INSTRUCTIONS FOR THE TASK — What you give back should be exactly the lines from the one with "Outlet De Skechers" through the end of the data, without the pictures.

STORED DATA —

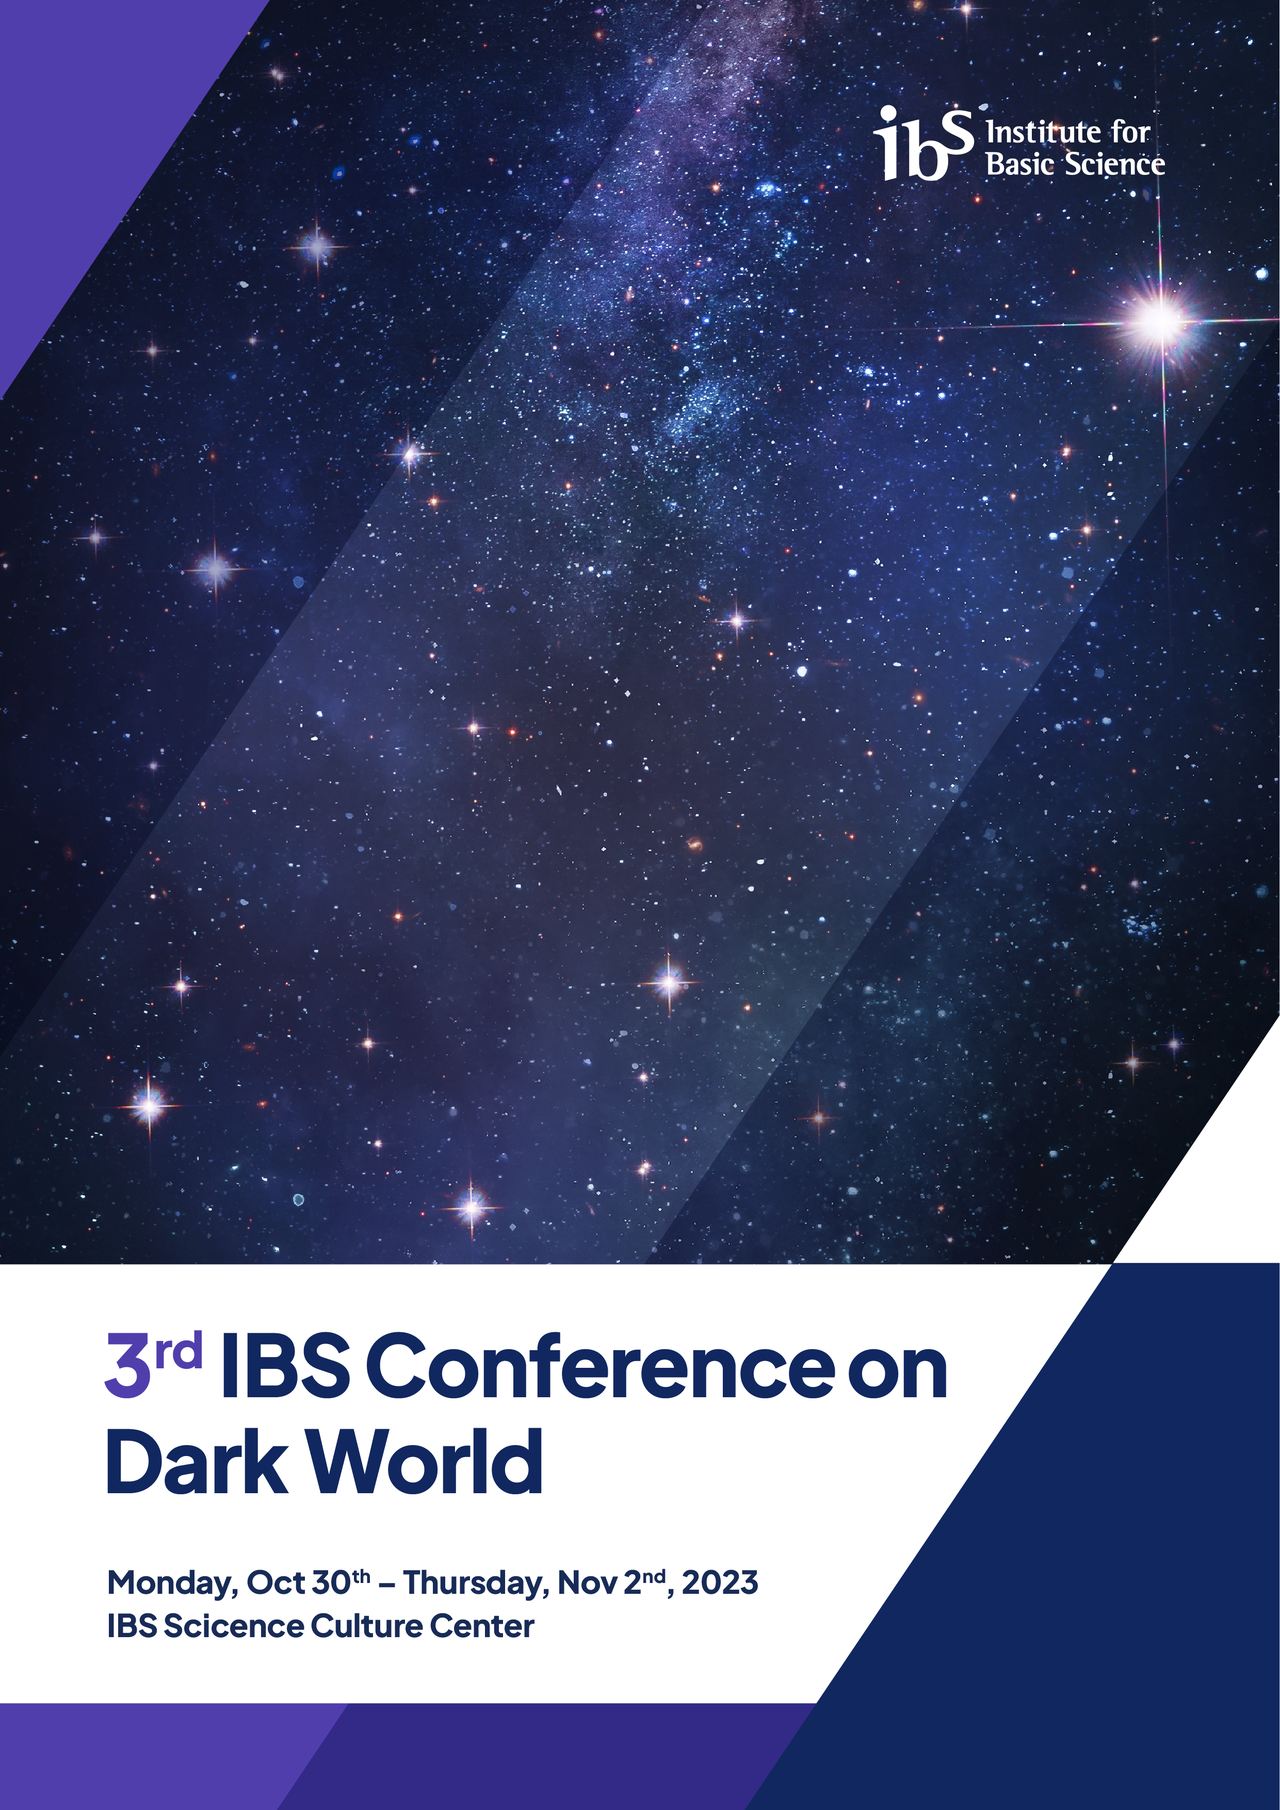 IBS Conference on Dark World 사진
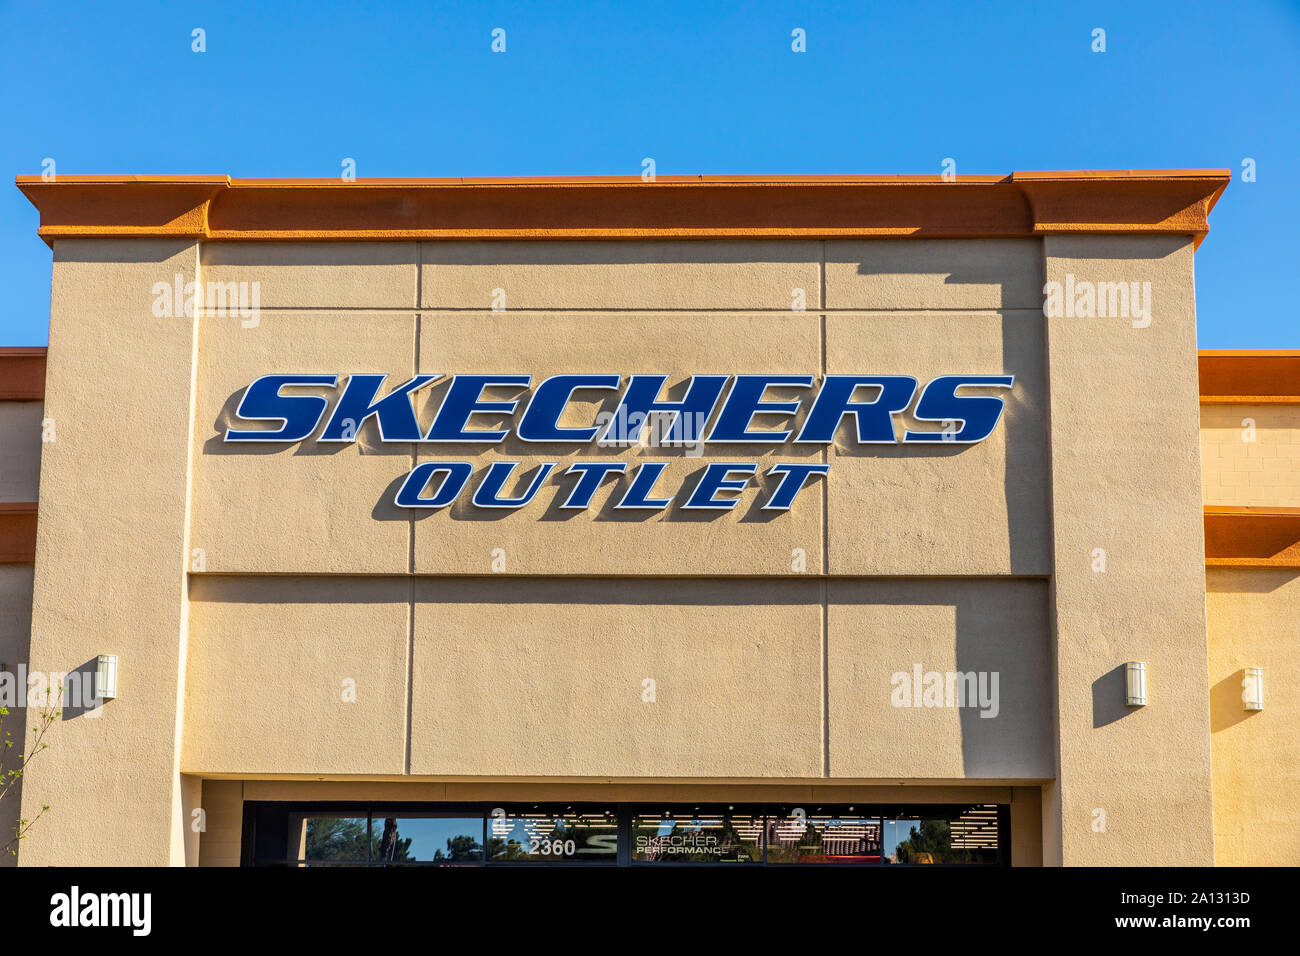 Outlet De Skechers En Buy Now, Clearance, 51% OFF, sportsregras.com
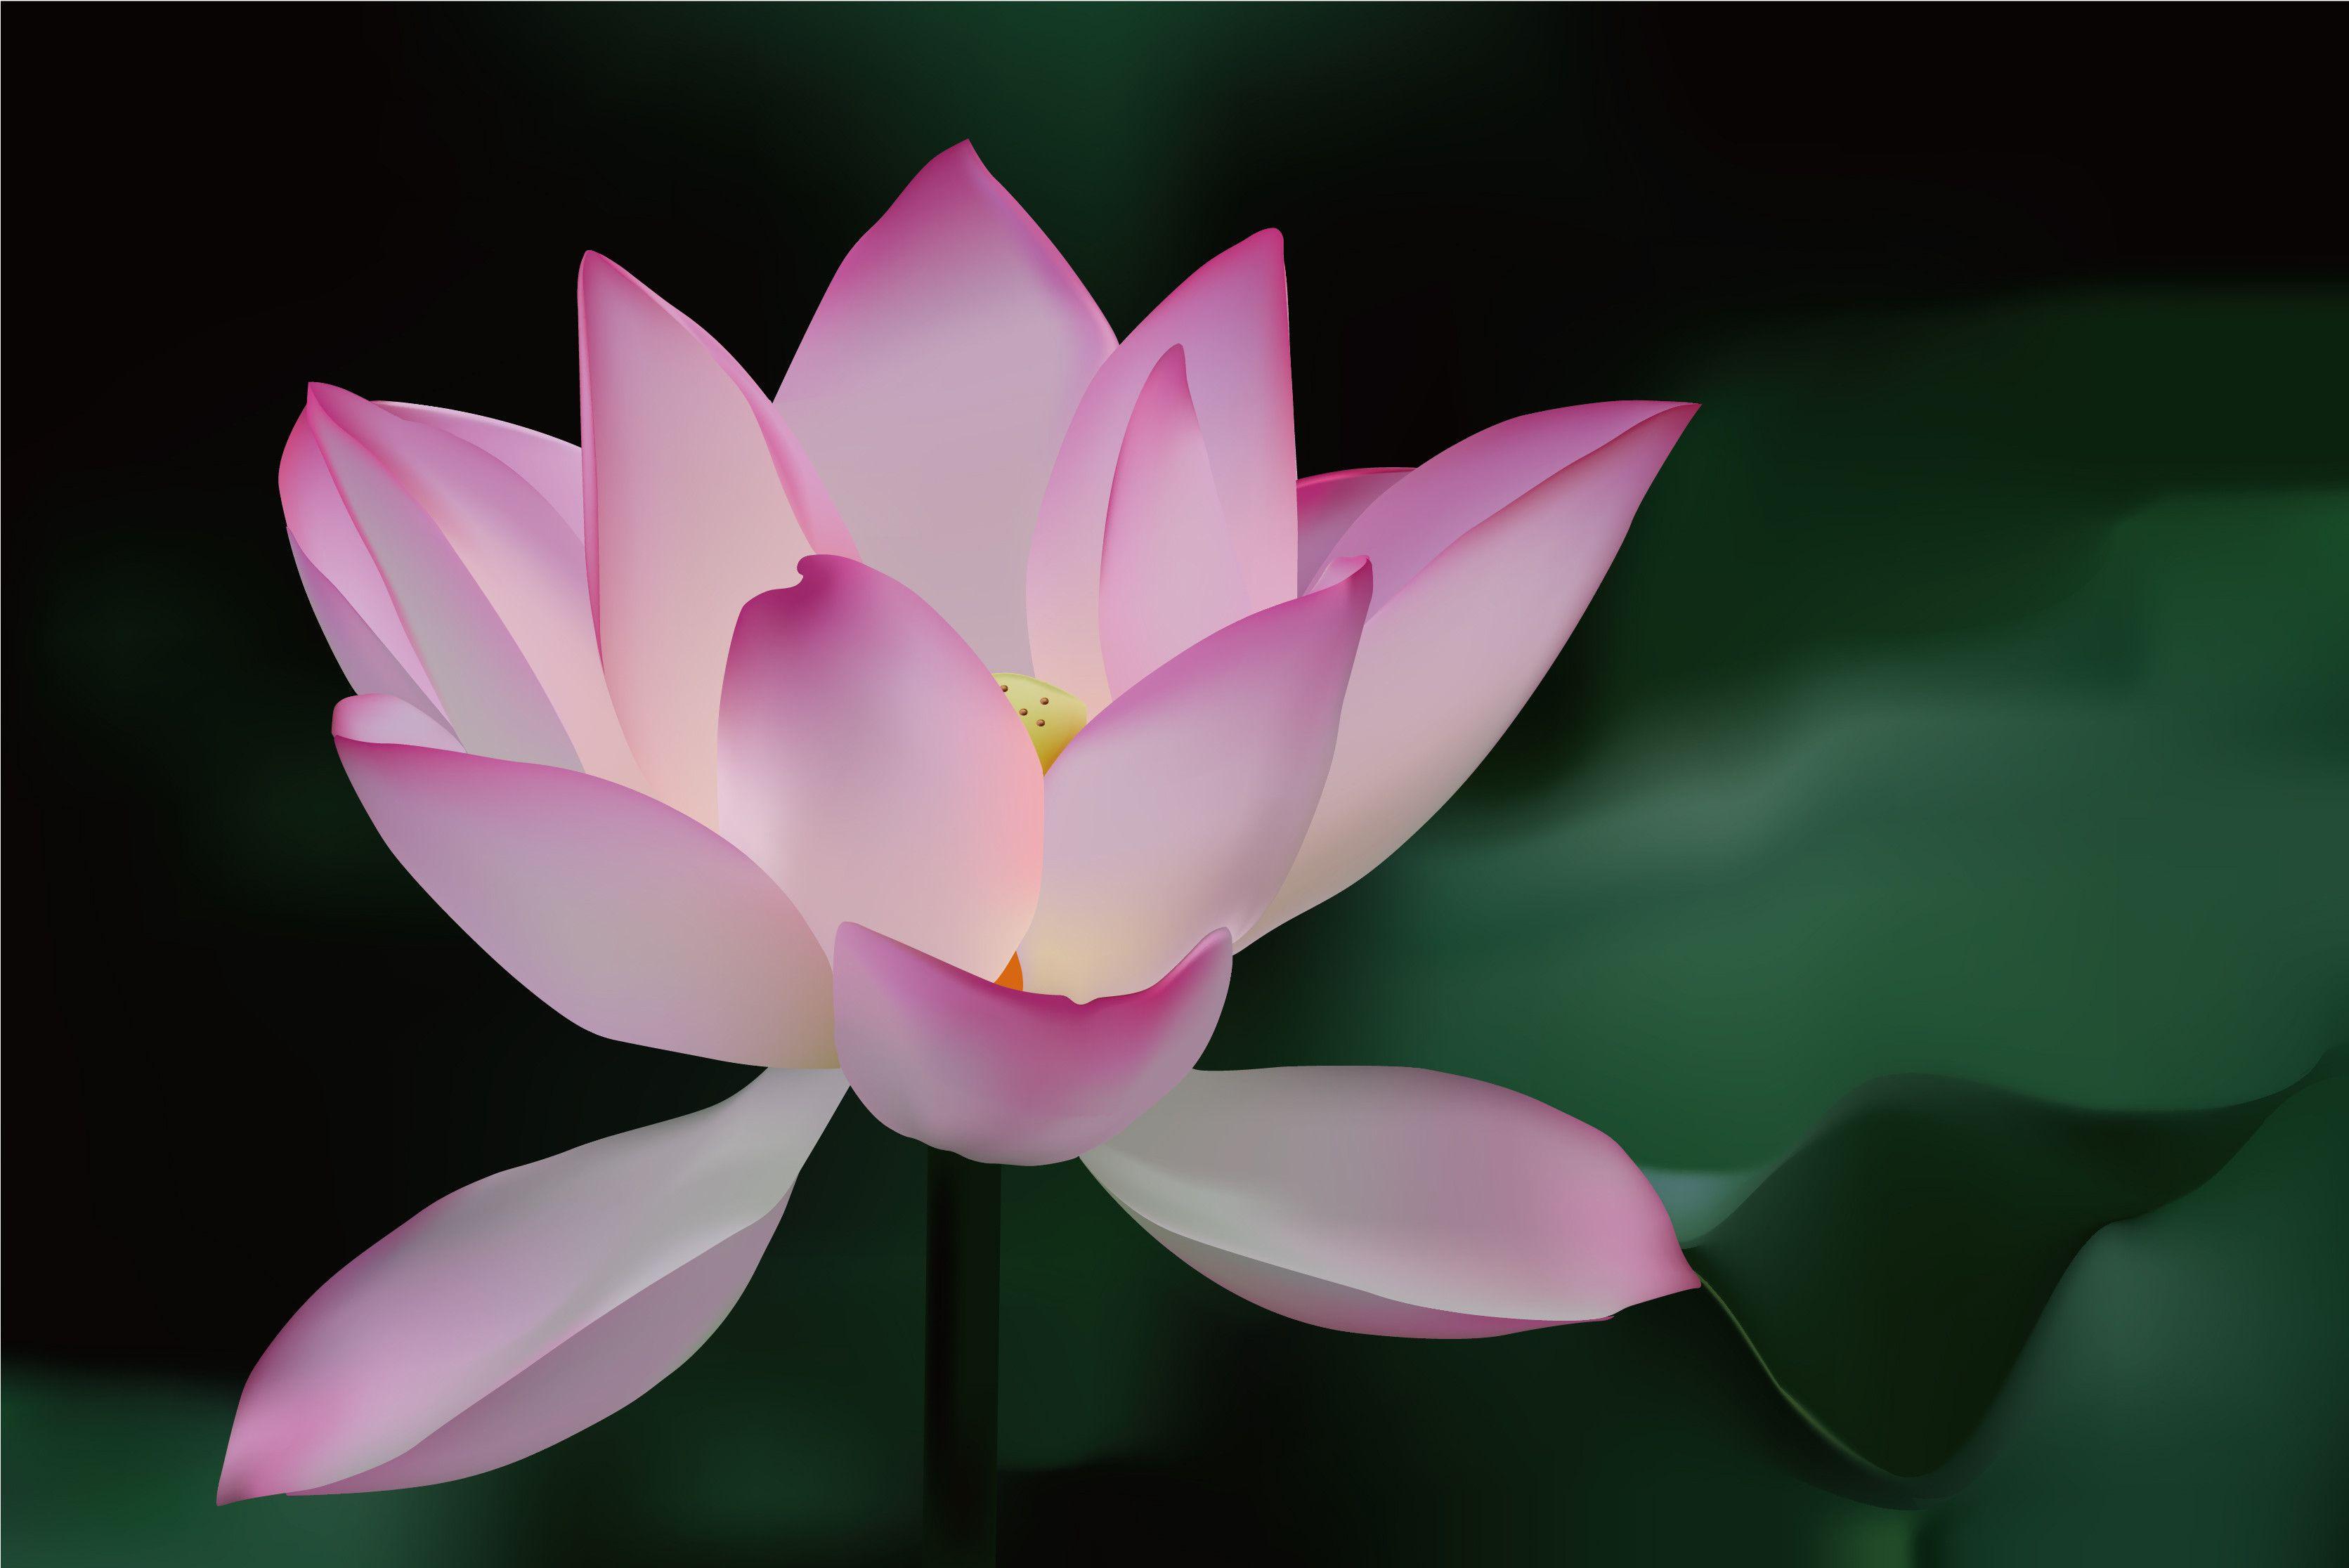 Lotus flower background vector. Download Free Vector
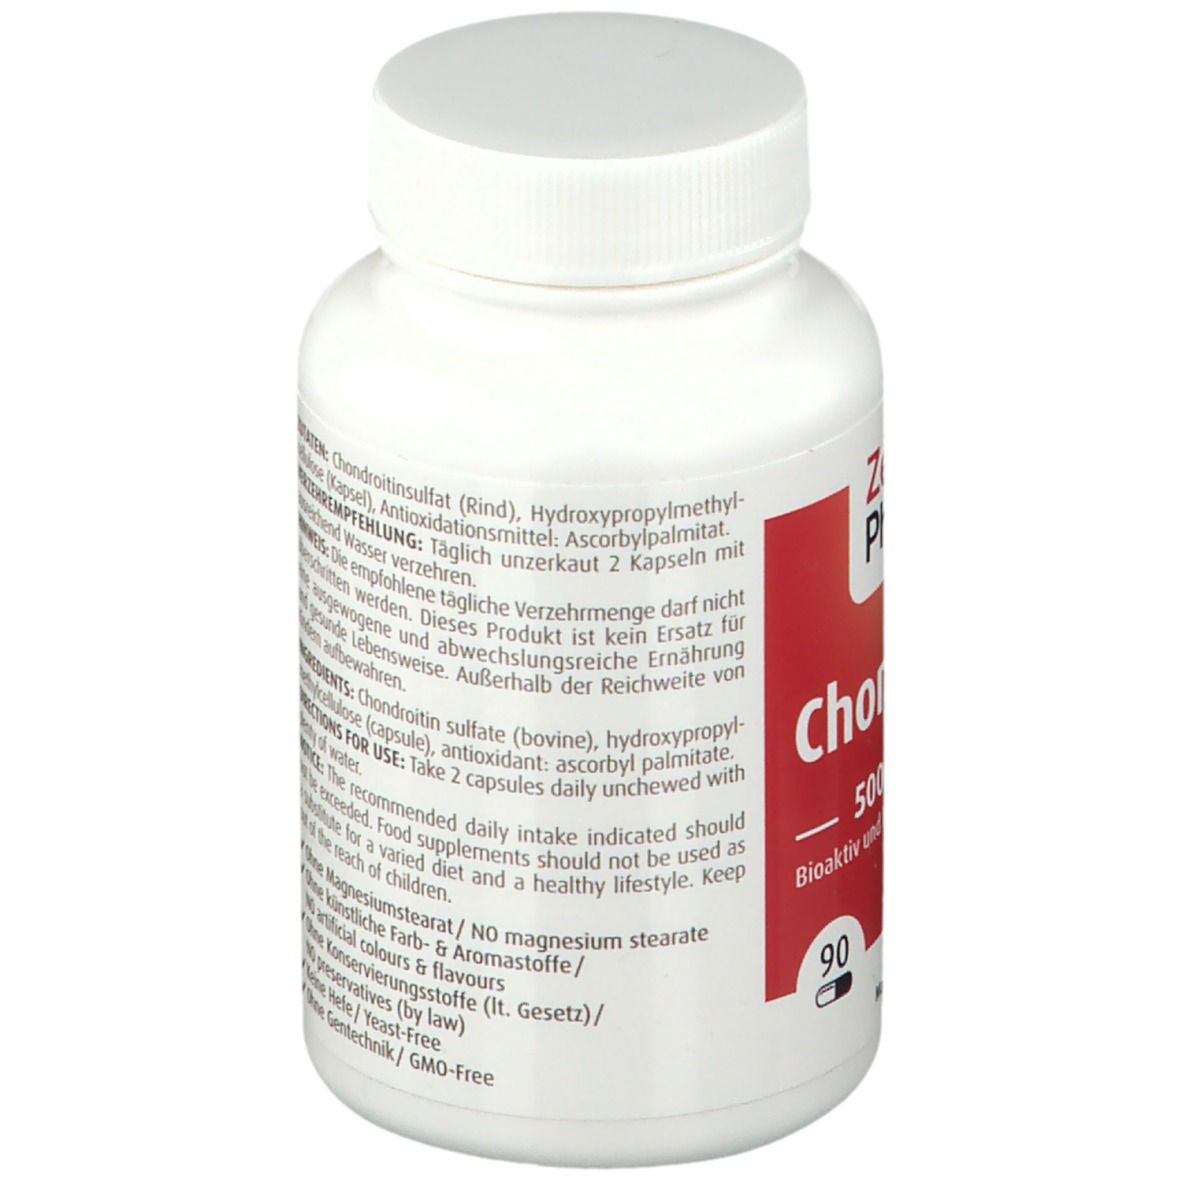 ZeinPharma® Chondroitin Kapseln 500 mg

TASK RESPONSE —
 Outlet De Skechers En Buy Now, Clearance, 51% OFF, sportsregras.com
 Lotus flower background vector. Download Free Vector
 ZeinPharma® Chondroitin Kapseln 500 mg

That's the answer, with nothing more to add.